At first, archaeologists thought the entire complex—at a place called Pikillaqta, near Cusco—must have been a vast ancient prison. Its sheer uniformity, and the military precision with which it was built, certainly seemed to betray an obsession with control and organization. Even now, its precise function remains a mystery, especially as it is merely the largest example of a whole series of these mystery complexes scattered throughout Peru.

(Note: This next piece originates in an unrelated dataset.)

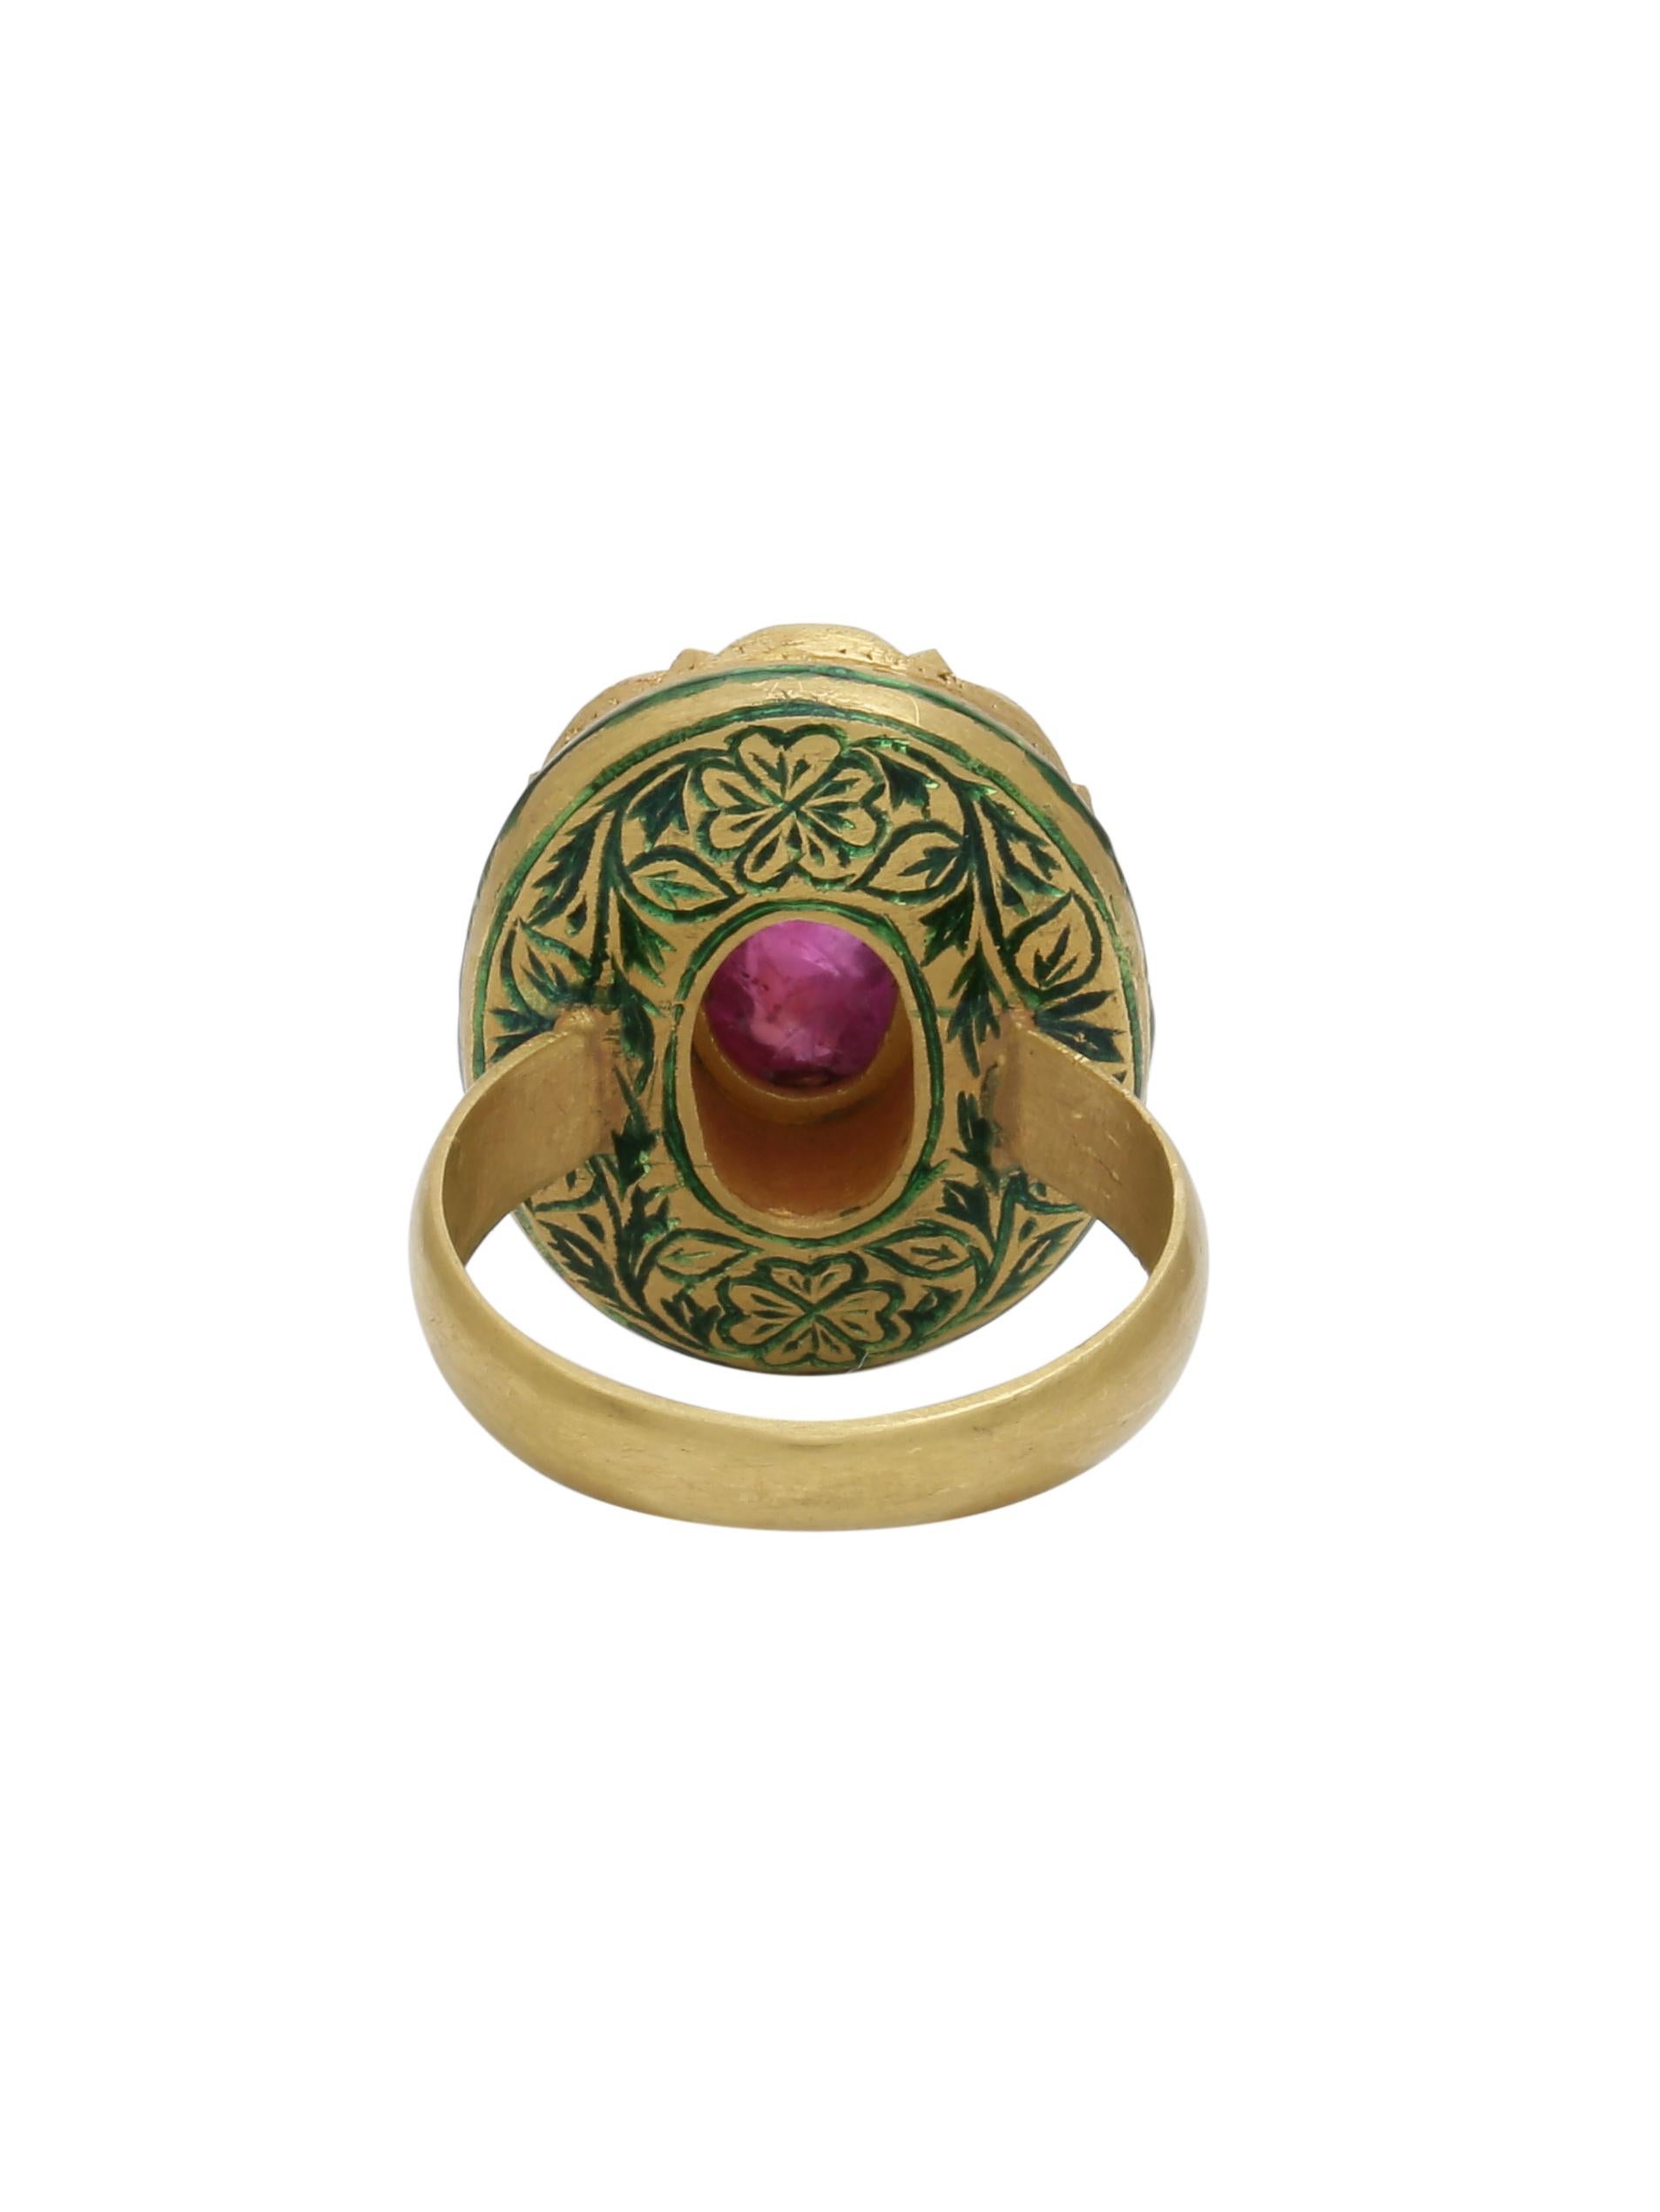 A natural pink Ruby Cabochon set in 22k Gold with uncut diamonds all around making a beautiful cocktail ring. You will also notice intricate enamel work at the back of the ring which is traditional from the region of Jaipur, India. The Ring is all
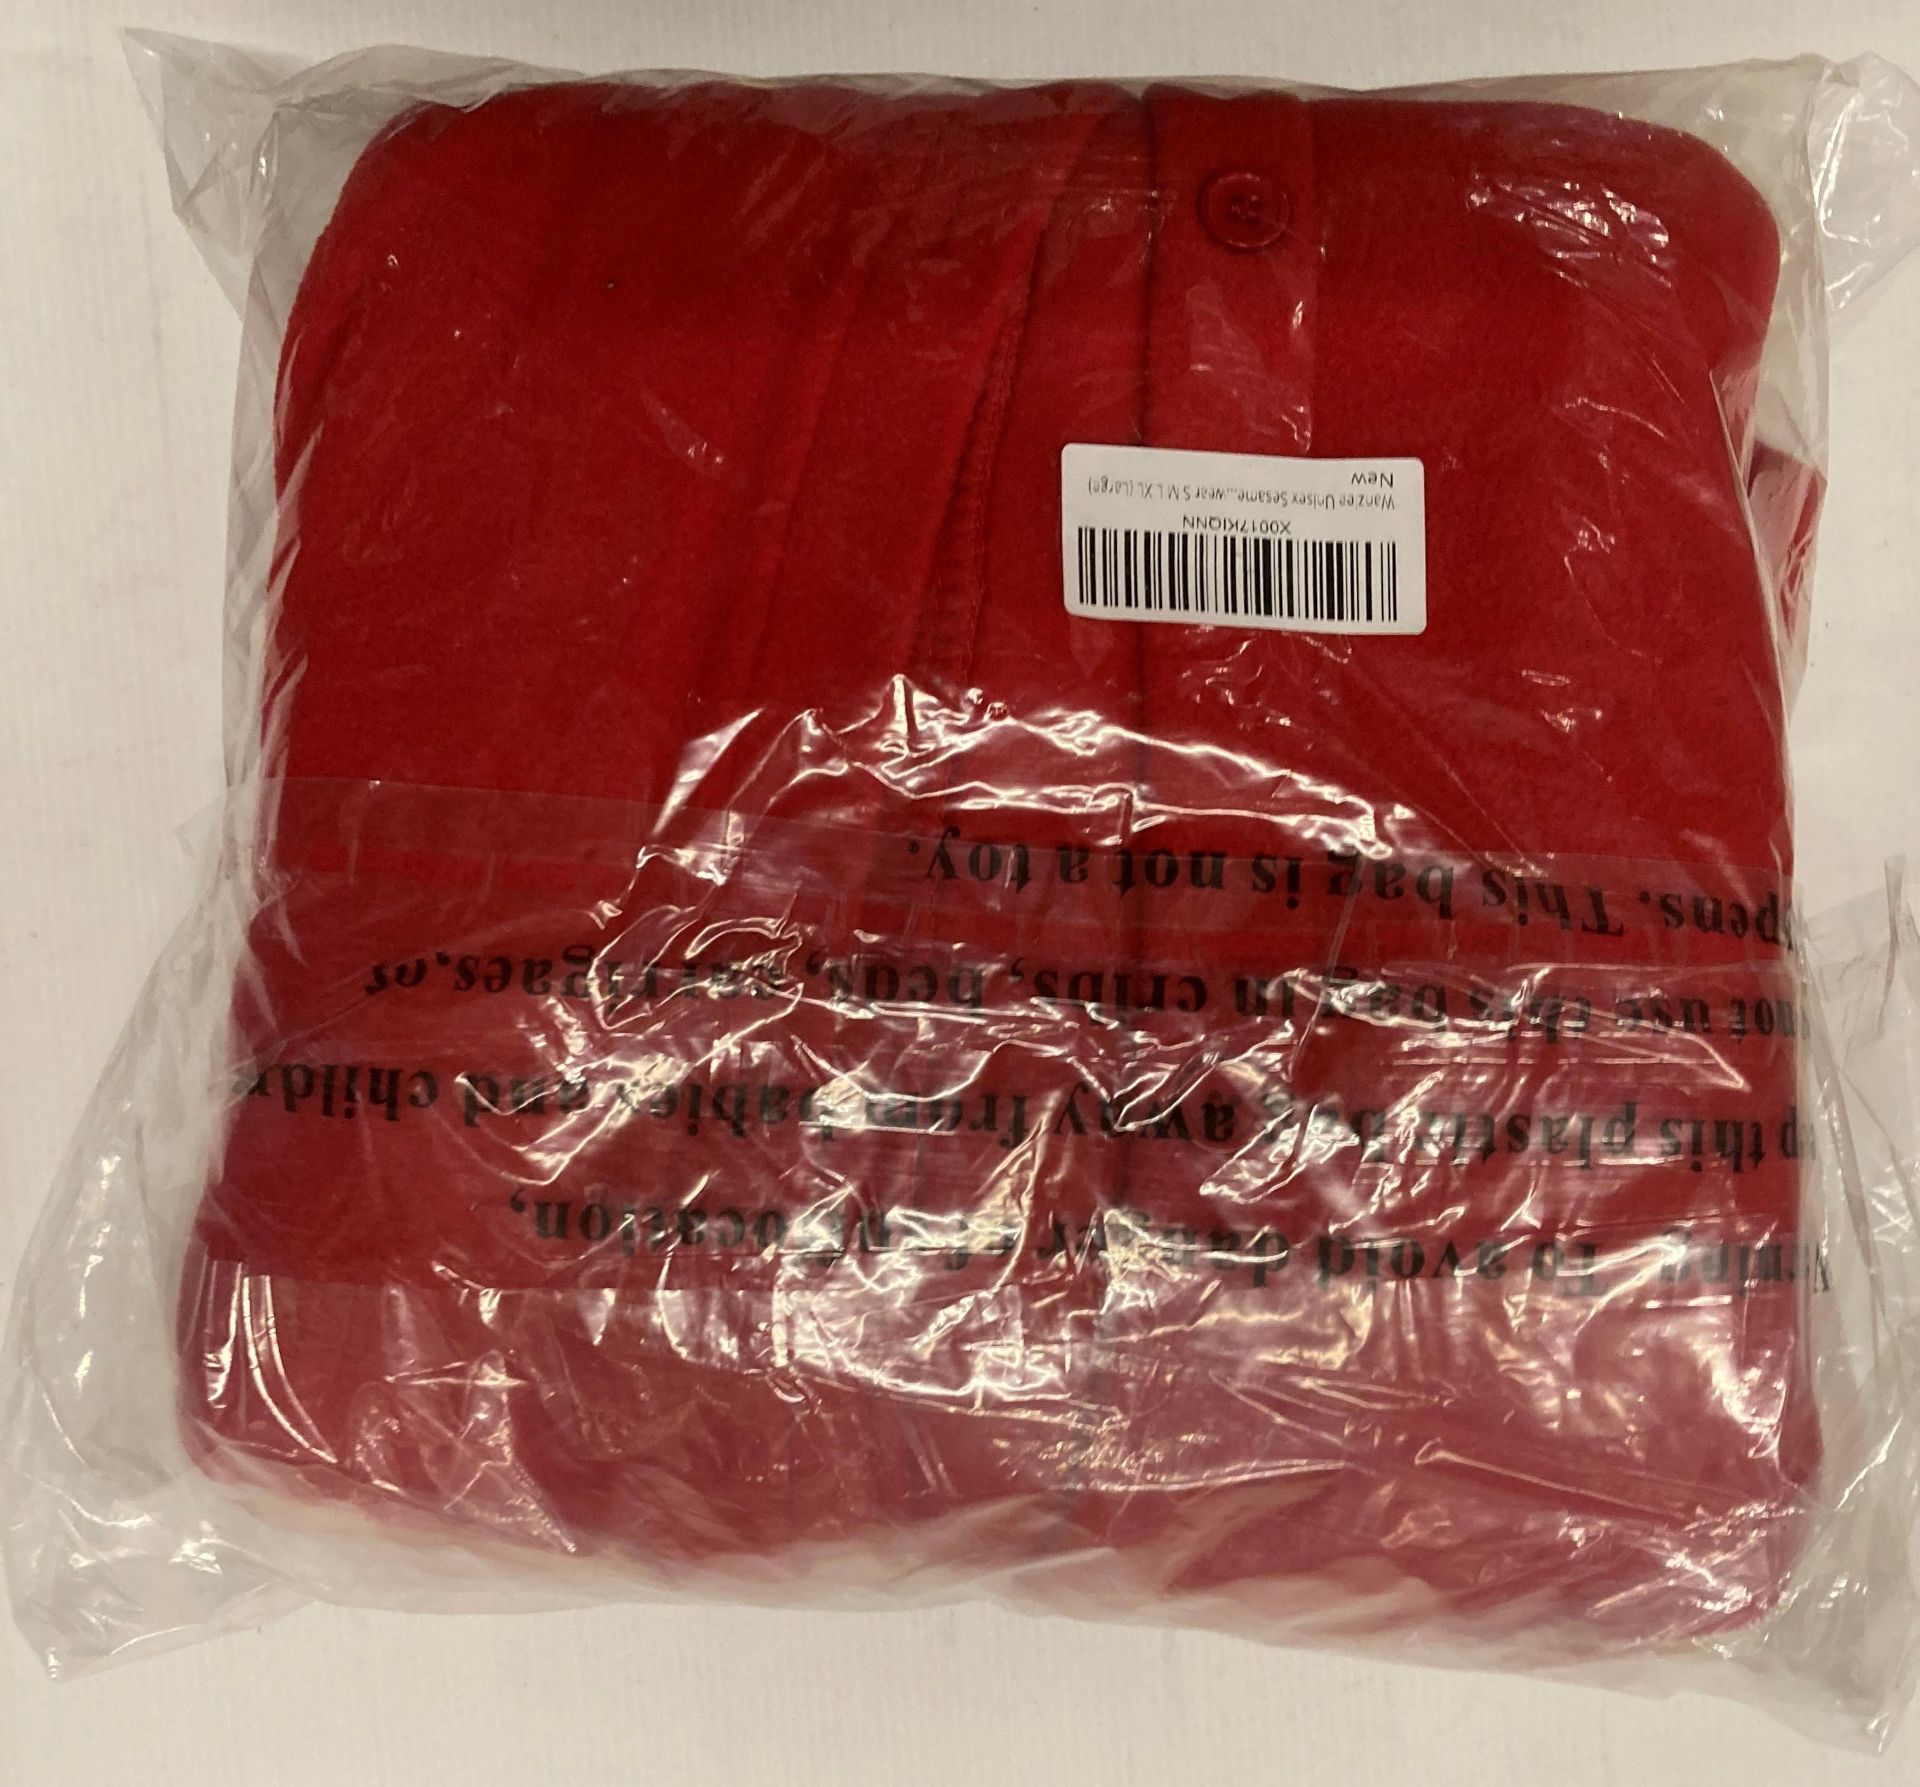 10 x assorted size red Elmo onesies by Wanziee (saleroom location: L05 floor) Further - Image 2 of 2

They have the same basic layout and they all date from the early phases of the first great pan-Peruvian empire, that of the Huari—an imperial system that started to emerge following the climatically triggered geopolitical dislocation of the mid– to late sixth century.¹ They were almost certainly constructed as visually impressive imperial administrative centers and may well have been used to house officials, some ordinary civilians, and probably substantial military garrisons as well as to store vast quantities of tribute and tax in kind.
The Huari created an empire of some 130,000 square miles—900 miles from north to south and, on average, around 150 miles from east to west. It had a population of several million and a capital city—also called Huari—that covered 1,750 acres and had an estimated thirty thousand citizens. The emergence of their empire profoundly changed subsequent Peruvian—indeed, subsequent South American—history. As the first pan-Peruvian imperial system, it was the prototype that paved the way for the much later Inca empire and then, in a sense, for Spain’s Andean empire in the sixteenth to early nineteenth centuries.
It was probably the Huari who developed the large-scale agricultural terracing system that boosted food production, which in turn permitted demographic expansion and so helped enable the highlands (including the later Incas) to dominate the coast for much of the region’s subsequent pre-Columbian history. It is conceivable that the agricultural terracing system was developed as a response to the great drought that disrupted the Andean world between A.D. 540 and 570, and that it was this response that helped Huari to expand during and after that thirty-year disaster.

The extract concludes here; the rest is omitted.